In response to Goldberg’s enormous “The Obama Doctrine”, I labeled it “tragic radicalism“, because it understood that the worst in humans couldn’t really be resolved, at least not easily, and so it was better to step away. Because, while there is no doubt that many problems in the Middle East and broader Muslim world are a reaction to wesern humiliations, especially at the hands of America, it is also true that there is far more going on than that, and that there is little America can do to fix it.
While I fundamentally agree with that, there are also policy missteps that come from such a view. Because while Obama has antibodies to Carly Simon, he also is somewhat vulnerable to it, although not in such a virulent manner. He does recognize that American influence is still a force for good and ill in the world, but in trying to mitigate the ill while still balancing our interests, we do things like intervene in the wrong limited way in Yemen: drones but little political support. There is a certain hand-washing that both downplays the real influence America has, and works to obfuscate the unhelpful foot-stomping going on below.
The more I think about it, the more I think “tragic radicalism” is the wrong phrase, since it seems to place emphasis on the latter, and doesn’t make it clear that “tragic” here is in the dramatic sense of the word.  Although not as pithy, “radical sense of the tragic” might be more accurate. It’s an understanding of human motivations that has led to some great things, but also to a sort of sighing away when the worst in us burbles madly to the surface. I do think he is impacted deeply by the horrors on his watch, especially Syria, but that just confirms his view of human nature.
All that said, I’m going to quote a couple paragraphs in full. As you listen to Trump talk about, well, anything, I think it is good to reflect on what a remarkable human being we’ve had in office for the last eight years.

 

In one conversation, parts of which I’ve previously recounted, Obama talked about the decades-long confrontation between the U.S. and communism, and compared it to the current crisis. “You have some on the Republican side who will insist that what we need is the same moral clarity with respect to radical Islam” that Ronald Reagan had with communism, he said. “Except, of course, communism was not embedded in a whole bunch of cultures, communism wasn’t a millennium-old religion that was embraced by a whole host of good, decent, hard-working people who are our allies. Communism for the most part was a foreign, abstract ideology that had been adopted by some nationalist figures, or those who were concerned about poverty and inequality in their countries but wasn’t organic to these cultures.”

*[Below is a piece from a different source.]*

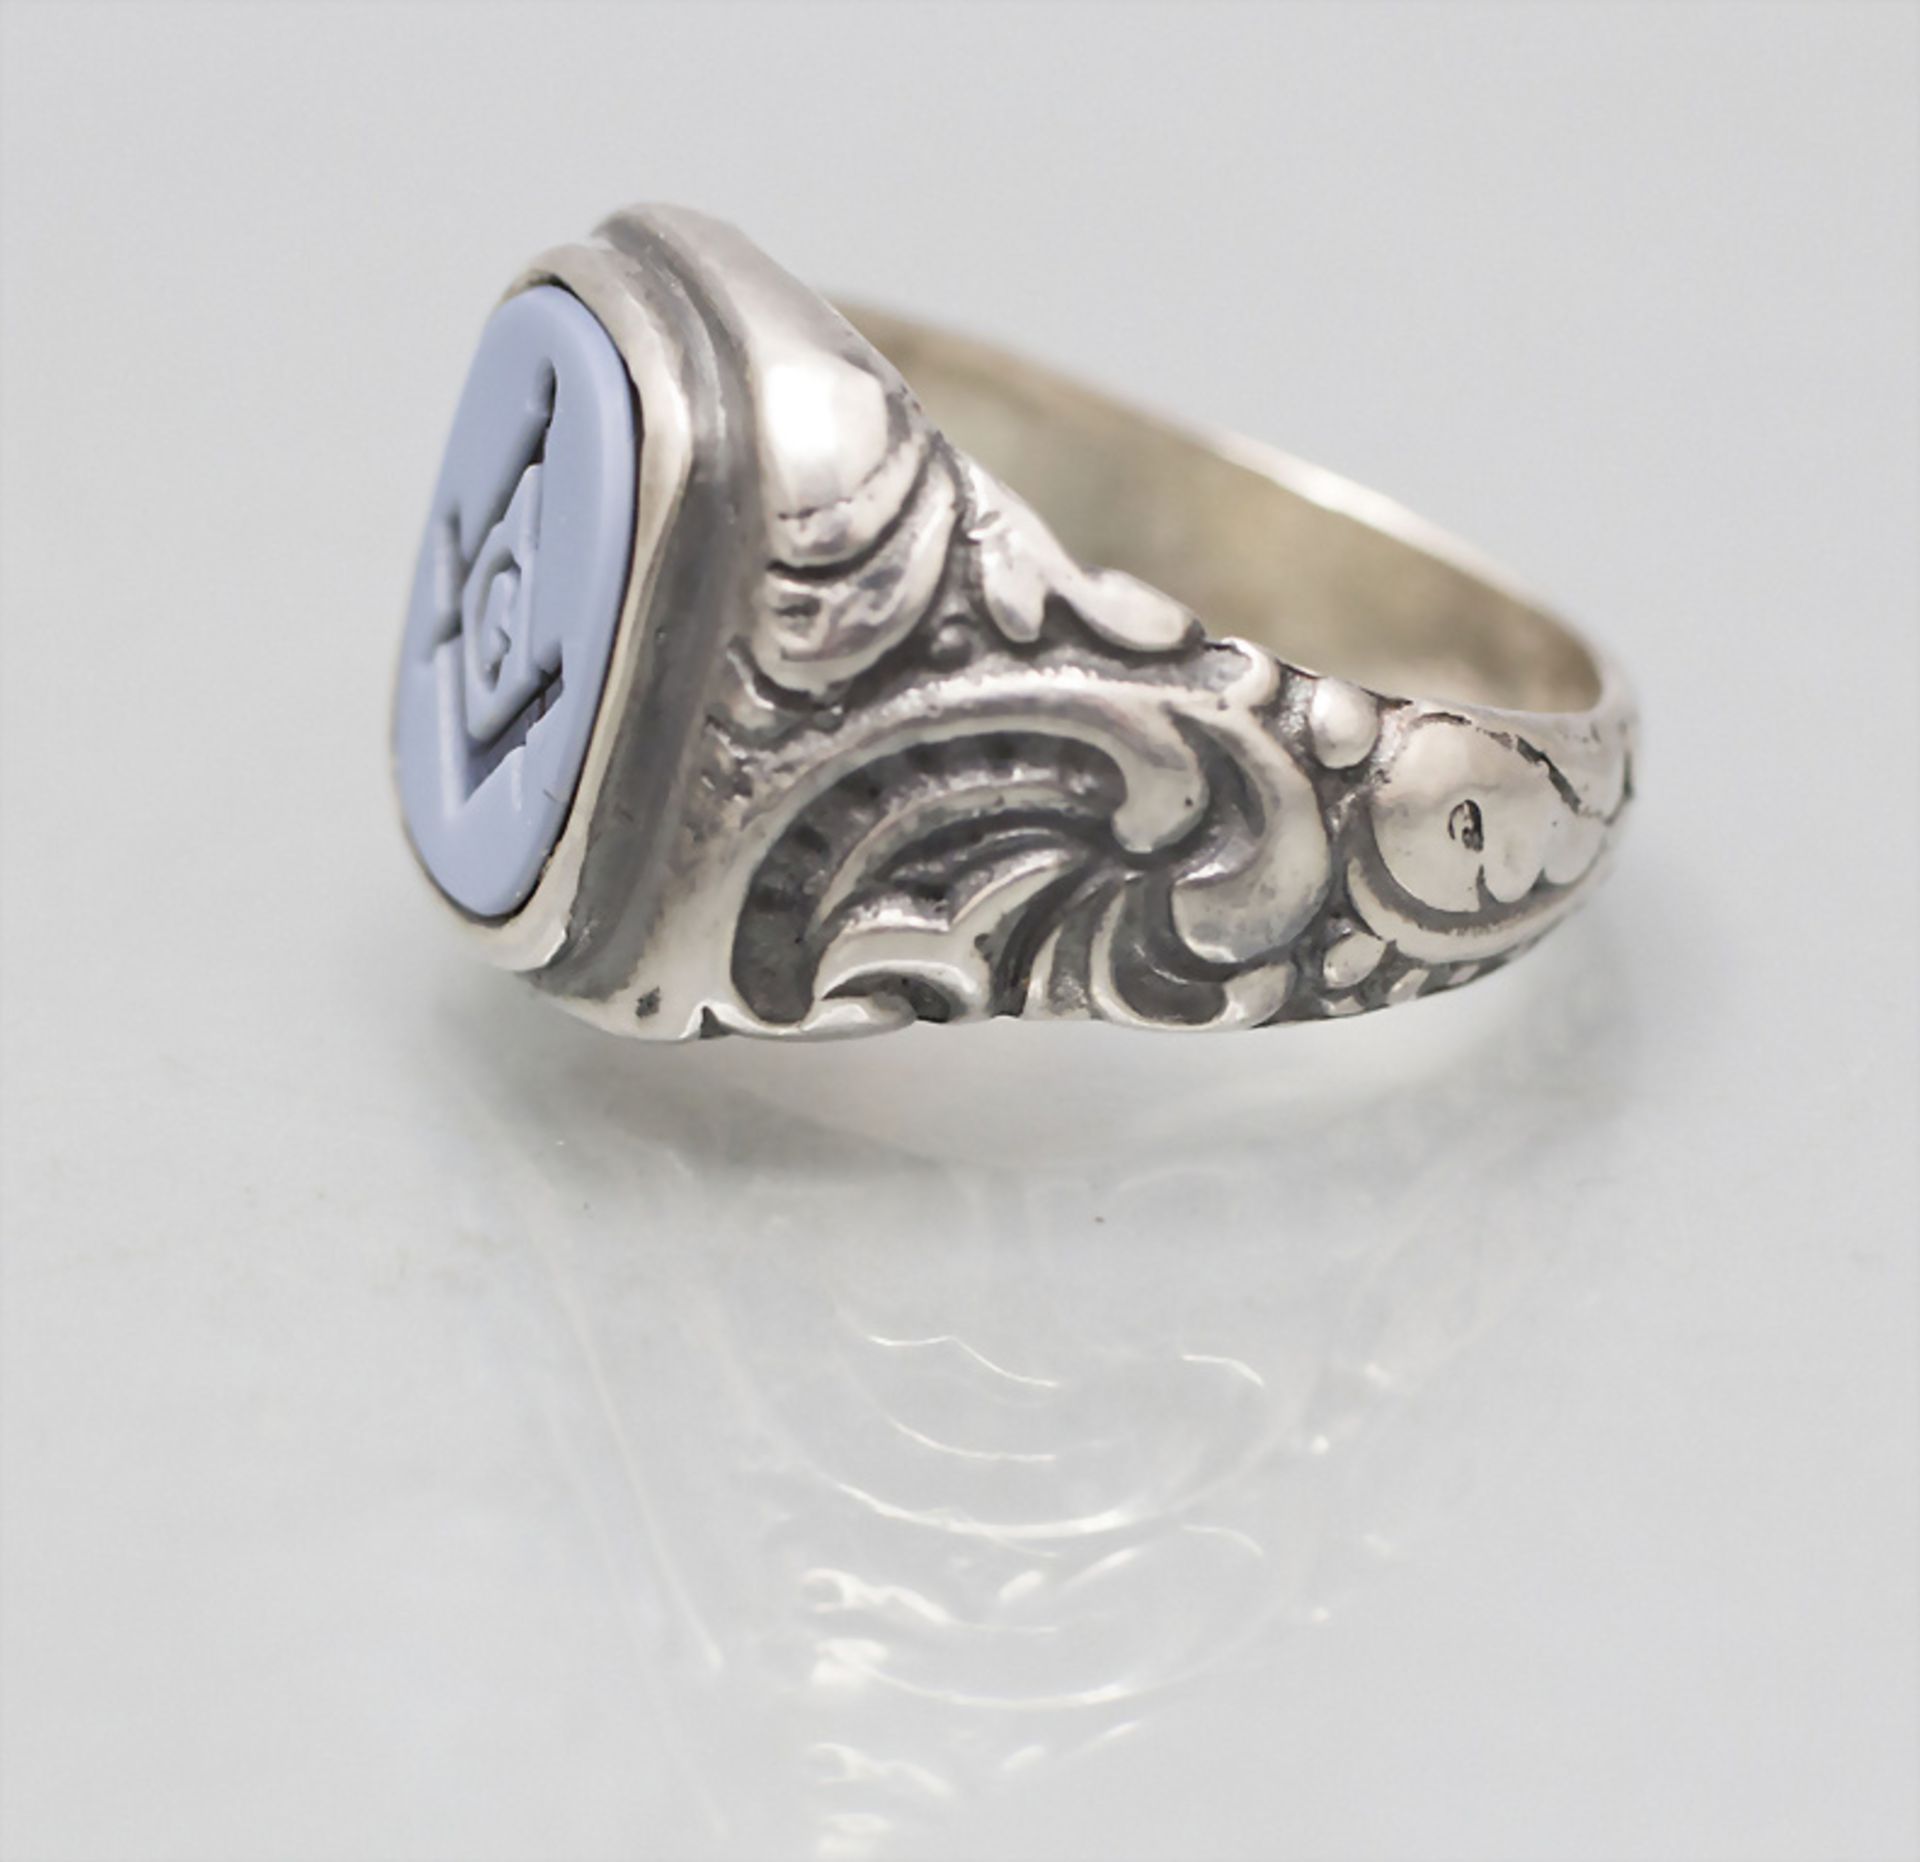 Siegelring / A silver seal ring, 20. Jh. - Image 2 of 3

He went on to say, “Establishing some moral clarity about what communism was and wasn’t, and being able to say to the people of Latin America or the people of Eastern Europe, ‘There’s a better way for you to achieve your goals,’ that was something that could be useful to do.” But, he said, “to analogize it to one of the world’s foremost religions that is the center of people’s lives all around the world, and to potentially paint that as a broad brush, isn’t providing moral clarity. What it’s doing is alienating a whole host of people who we need to work with us in order to succeed.”